Archive for the 'Feminist Pedagogy' Category

Reprint: Tampax, Virginity, and Teaching the Body

I’m on hiatus — at least from substantive blogging — until August 28.  Until then, I’m reprinting favorite posts from 2004 and 2005.

I spent an hour and fifteen minutes in Tuesday’s Women’s Studies class lecturing  on masturbation, menstruation, and tampons.  (If that don’t got your attention, don’t know what will!)

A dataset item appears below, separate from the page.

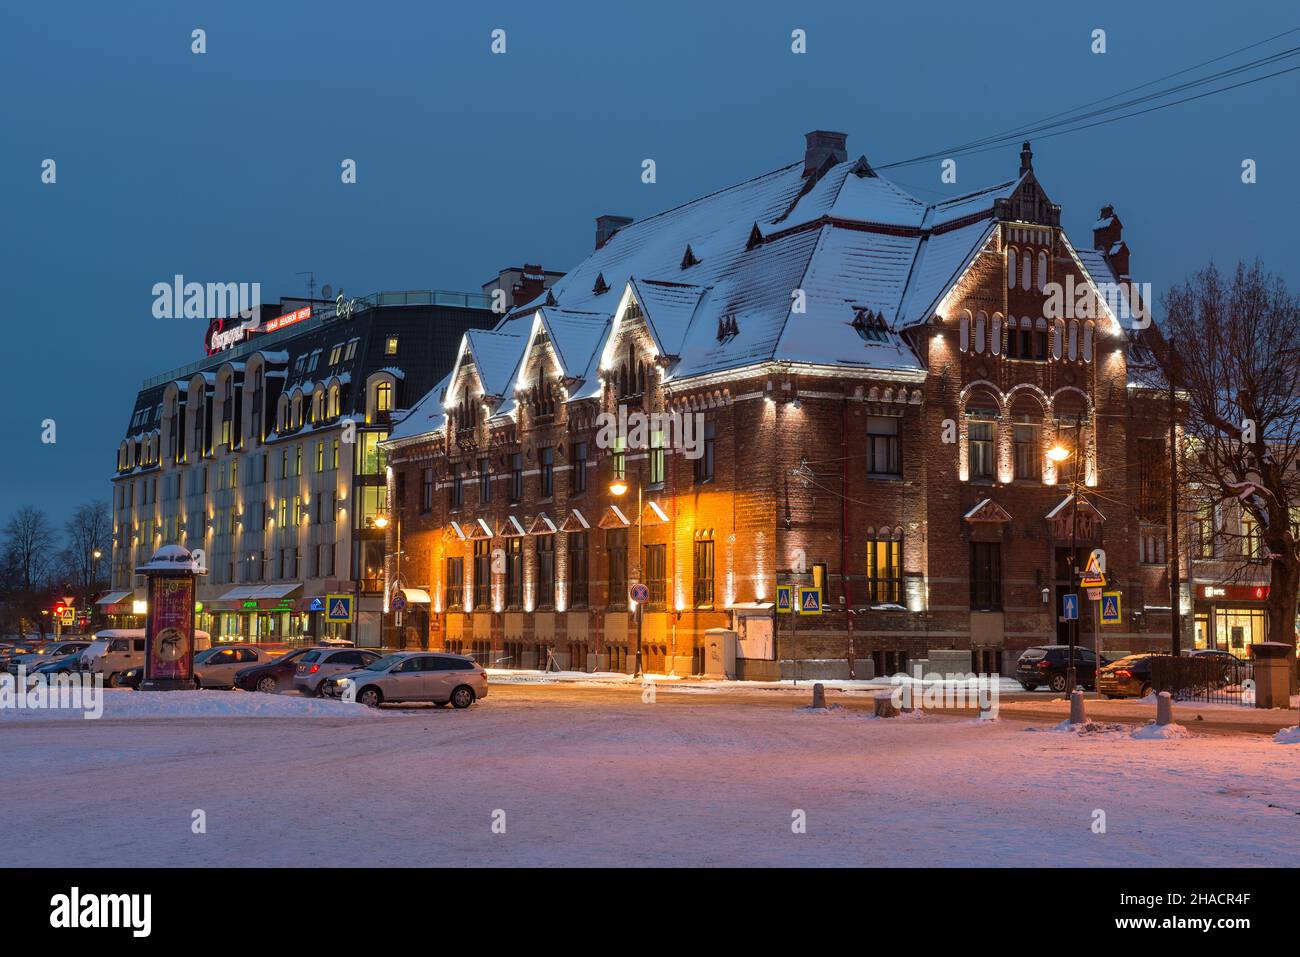 VYBORG, RUSSIA - FEBRUARY 08, 2021: February evening in Vyborg. View of the old building of the Bank of Finland Stock Photo
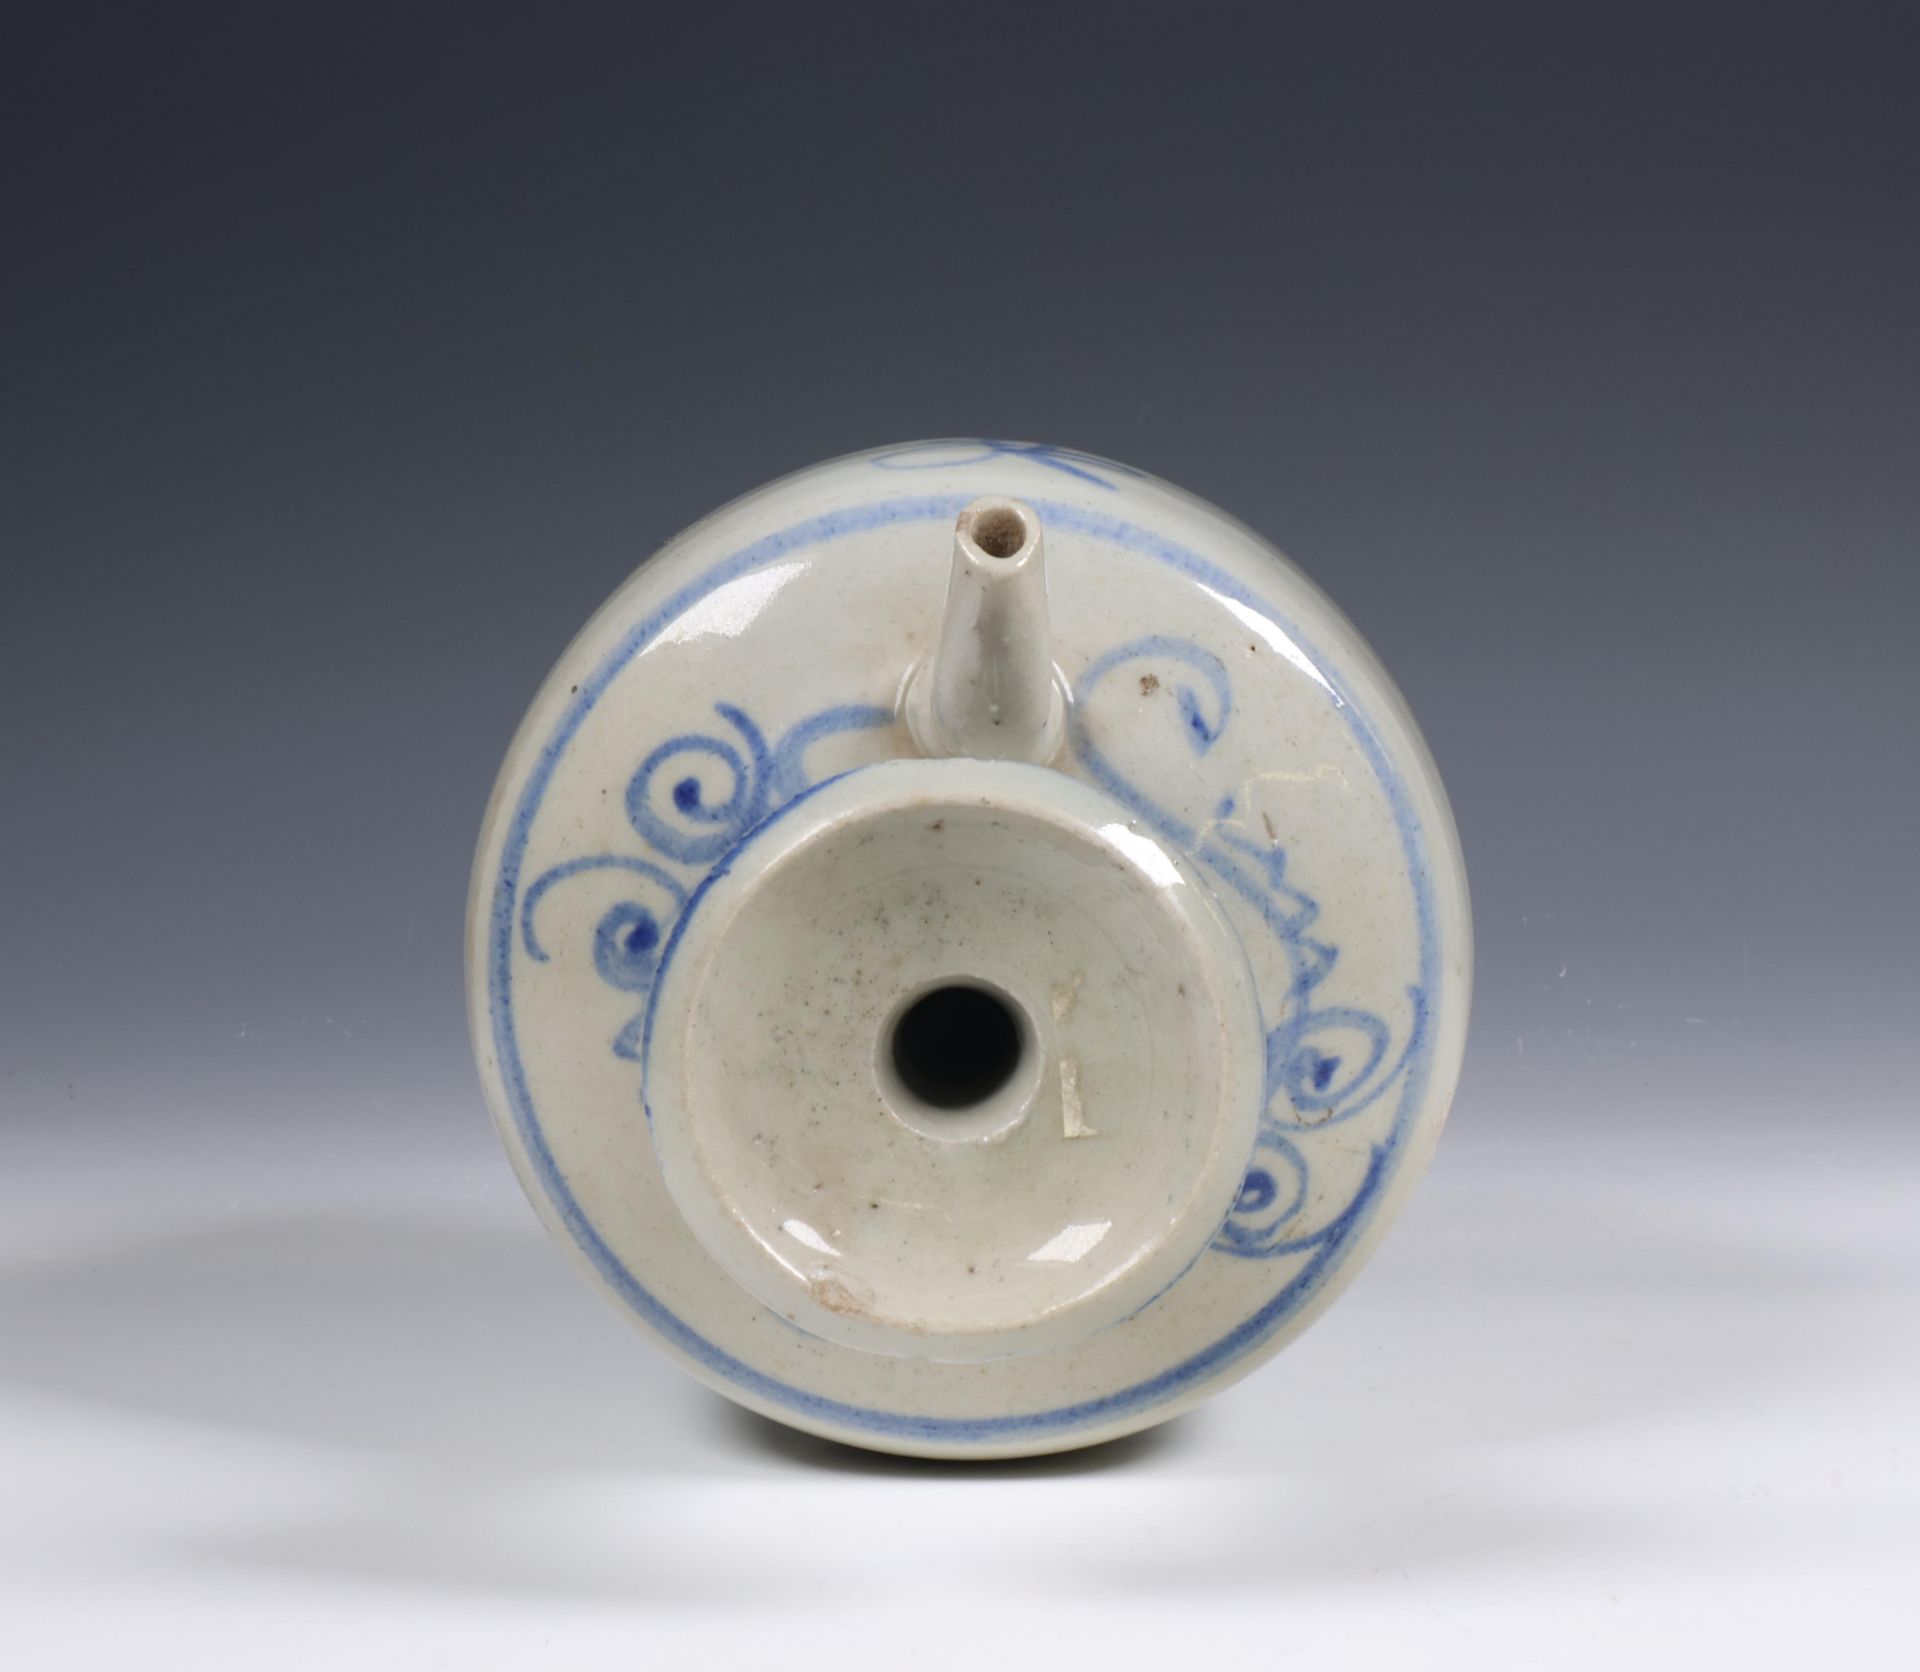 China/ Vietnam, blue and white glazed earthenware water-pot, 20th century, - Image 4 of 6

As I’ve written before, much of my Women’s History course focuses on shifting attitudes towards American women’s bodies.  Tuesday, we spent a fair amount of time reviewing the 19th century panic about women’s sexuality (spurred by the medical "discovery" of the clitoris by the medical profession). I blogged a year ago about some of the unhappy consequences of this panic over young women’s masturbation.

We then connected to this to the history of, of all things, the tampon.  The modern tampon was patented in 1931 by a Dr. Earle Haas, who later sold the patent to what would become the Tampax company.  The first commercially marketed tampons appeared on the market five years later.

What does this have to do with women’s sexuality?  One thing is at least anecdotally evident:  cultural background and openness about sexuality seems to play a critical role in whether or not young women begin to use tampons soon after menarche.  My Asian and Latina students (who comprise two-thirds of my female students) are extremely unlikely to have been encouraged to use tampons when they began to menstruate.  Most tell stories of mothers who insisted on pads, often claiming that the tampon was only to be used by women who had lost their virginity.  One gal shared that she began to use tampons when she was on the her high school dance team where the uniforms made them essential; she told of the horrified and amazed reactions of her friends, who were entirely Hispanic.  At the same time, "white girls" seemed much more likely to use tampons in early to mid-adolescence.  Many of these students are stunned when they hear the myths that their classmates from more culturally conservative backgrounds were raised with. 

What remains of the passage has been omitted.